During the tour on Tuesday afternoon three community members were given their vaccinations. Officials announced 1,500 people had already signed up for the hub’s first day on Wednesday through the Myturn.ca.gov site.

Dr. Sanjay Marwaha, physician in chief of Kaiser Permanente’s Central Valley service area, said he and his colleagues had seen and experienced the impact of the COVID-19 pandemic on the Central Valley.

“As more and more of us become vaccinated we’re starting to feel more hopeful. As an official vaccine distributor, Kaiser Permanente is organized and prepared to administer COVID-19 vaccines through multiple channels as we continue to receive more supply. Working as part of the team outlined by the consortium partners this Stockton mass vaccination hub will allow us to vaccinate the many eligible community members efficiently, safely and quickly – it’s a wonderful thing,” Marwaha said. “When it comes to COVID-19 vaccinations Kaiser Permanente believes a focus on speed, supply and access is essential in slowing and eventually ending this horrible pandemic.”

On Wednesday, the San Joaquin Regional Transit District announced that it will provide free rides to the Stockton Arena in support of the mass vaccination hub.

The arena is on the Bus Rapid Transit Route 40 and is accessible by any RTD route.
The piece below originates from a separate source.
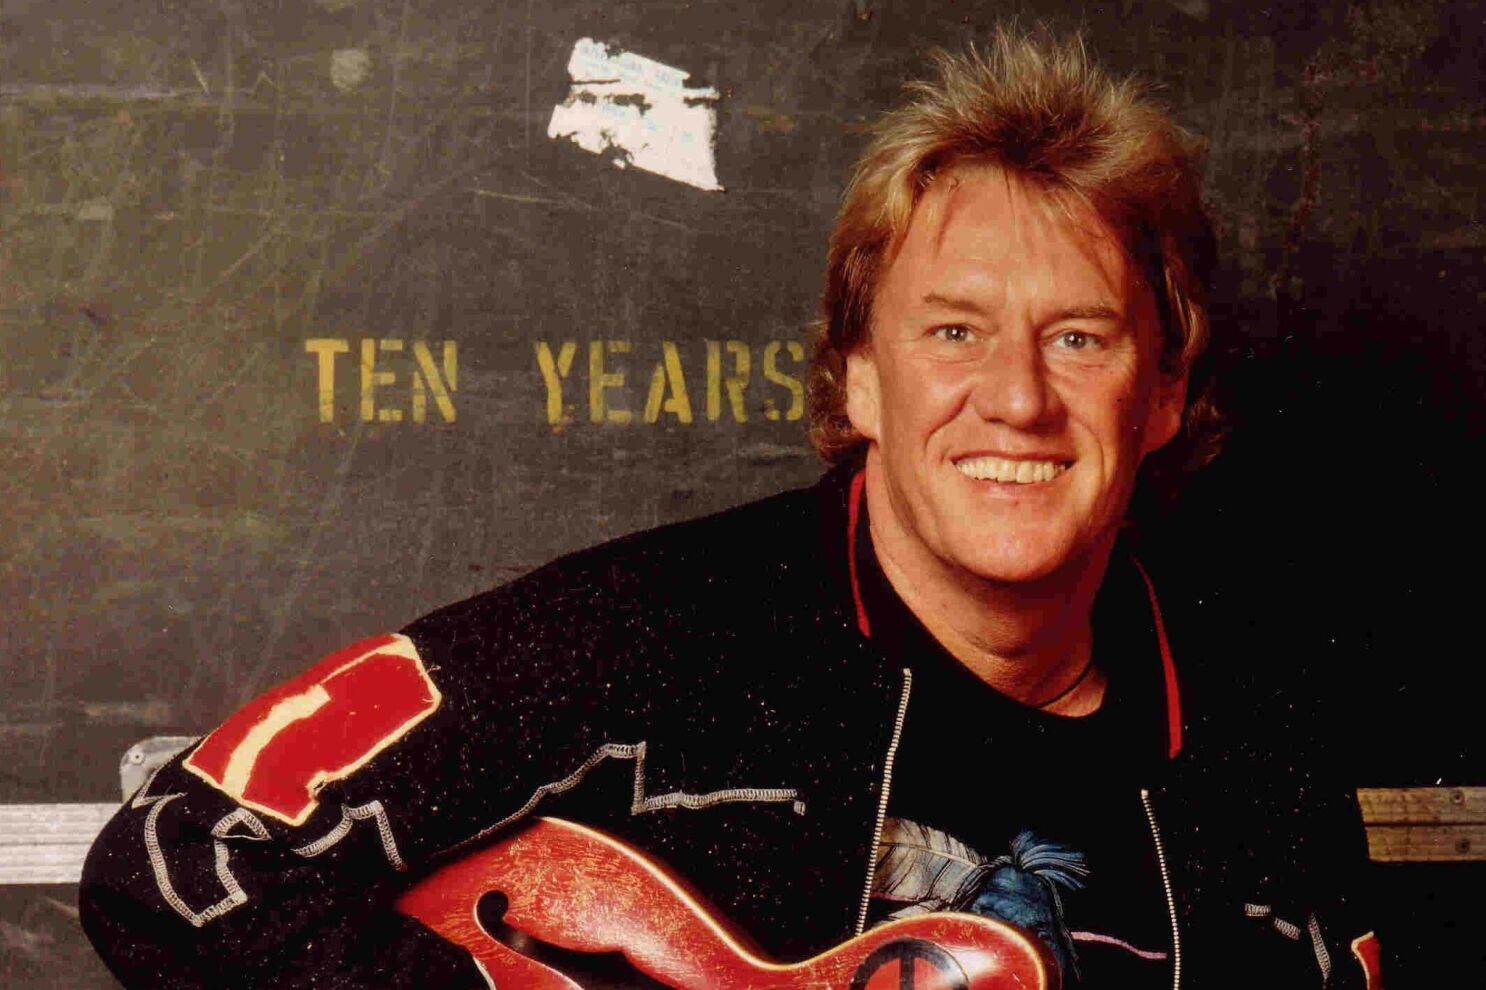 Ten Years After's Alvin Lee has died - The San Diego Union-Tribune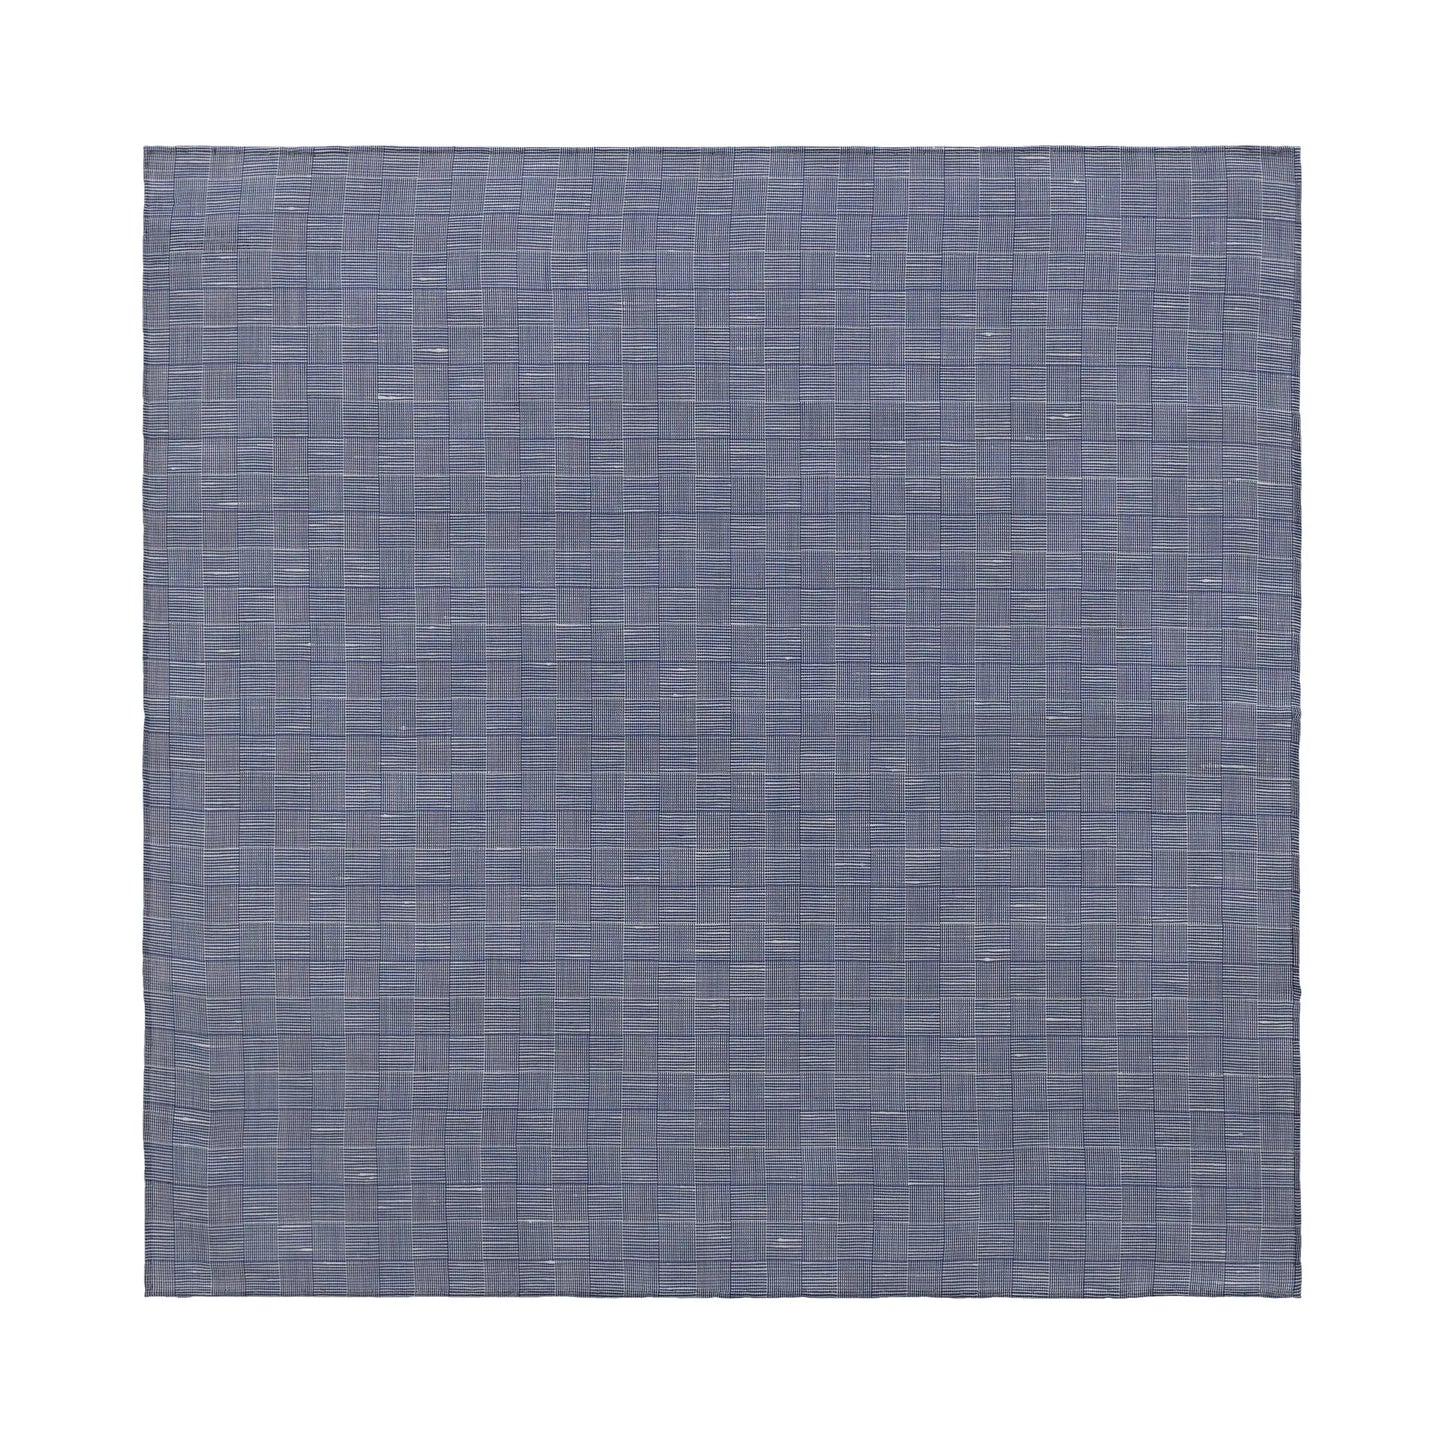 Checked Cotton-Blend Pocket Square in Greyish Blue

Being RTD’s most frequent route, it runs weekdays every 15 minutes during peak hours and every 20 minutes off peak hours and every 30 minutes during weekends.

To ride free, riders need to show a COVID-19 vaccination appointment confirmation when boarding the bus either on their phone or with a printout.

Officials said they will keep the hub operating as long as they have a vaccine supply – which is scheduled week-to-week – which will drive the appointment making process. Marwaha said they would continue to advocate to have vaccines for the Stockton mass vaccination site.